═══ Source material

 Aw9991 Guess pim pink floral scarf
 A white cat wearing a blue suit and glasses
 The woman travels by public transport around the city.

══════
═══ Source material

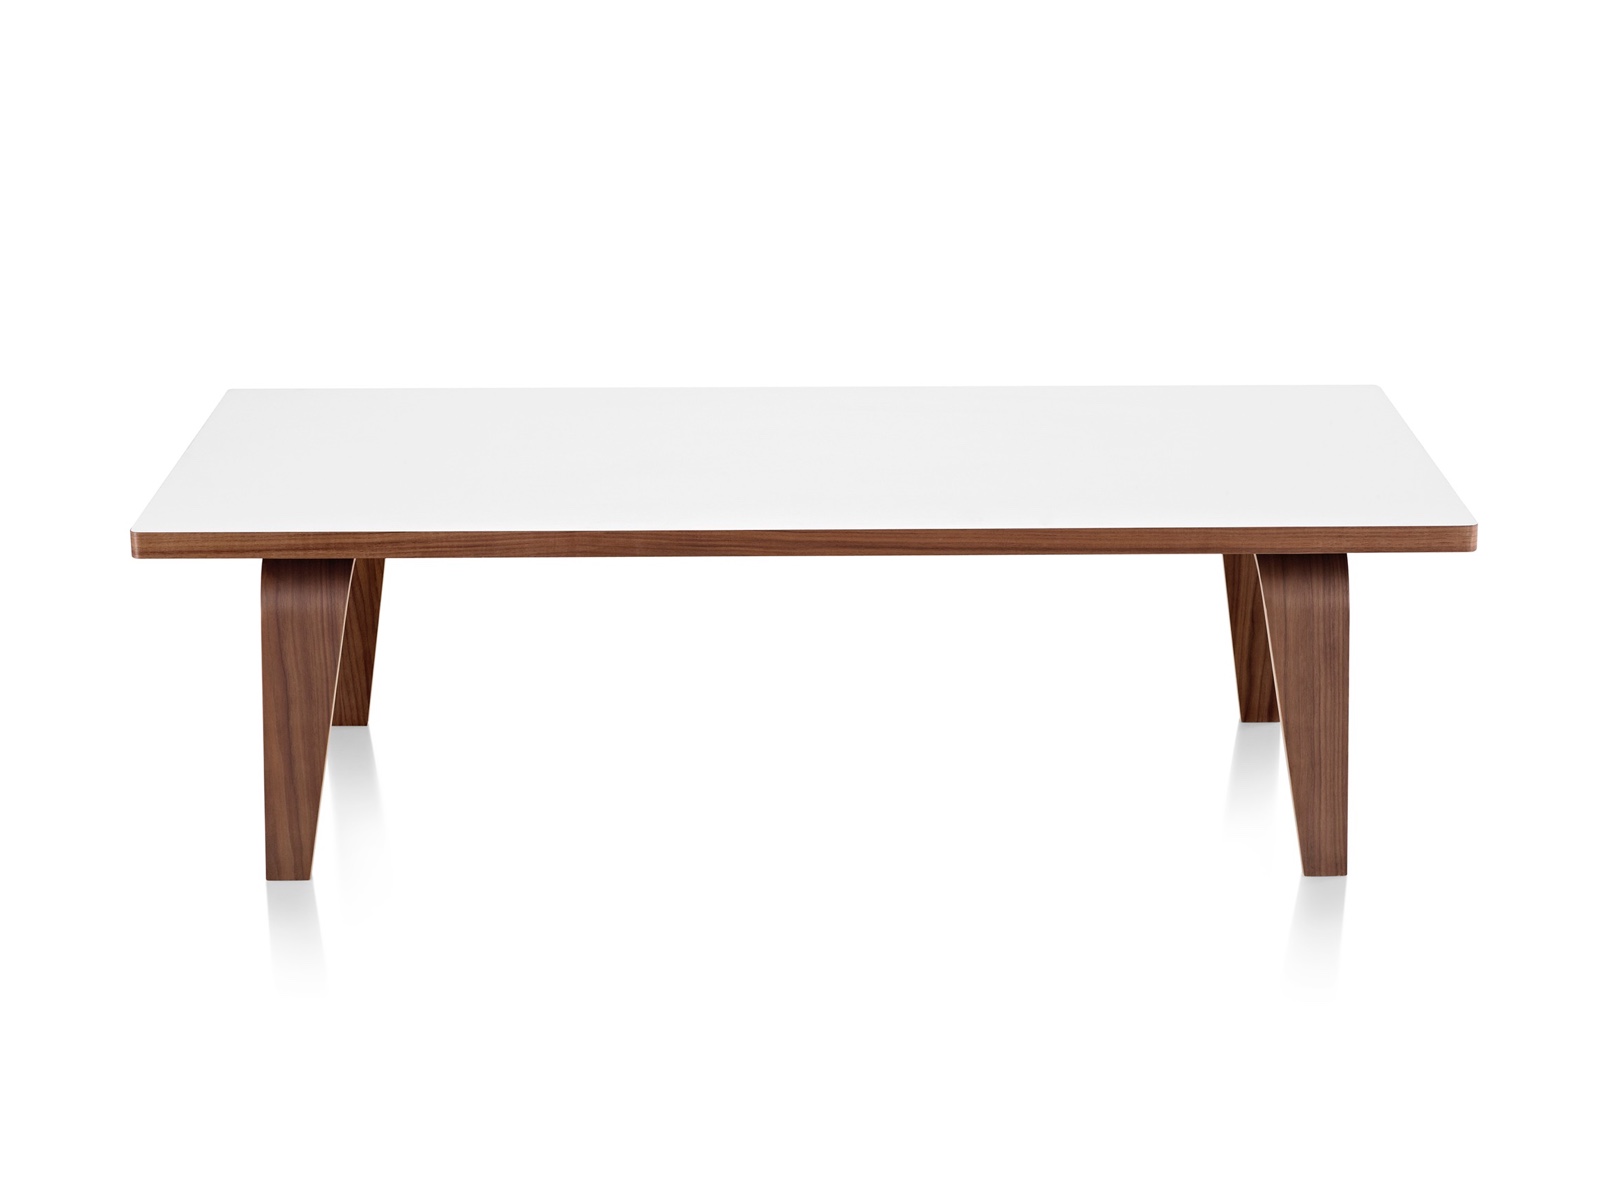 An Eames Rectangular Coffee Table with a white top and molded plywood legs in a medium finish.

══════

Prompt: Retype only the lines above between the line with "Aw9991 Guess pim pink floral scarf" and the line with "The woman travels", counting those two lines as well, and keep every character as it is.

Output of the exercise:
 Aw9991 Guess pim pink floral scarf
 A white cat wearing a blue suit and glasses
 The woman travels by public transport around the city.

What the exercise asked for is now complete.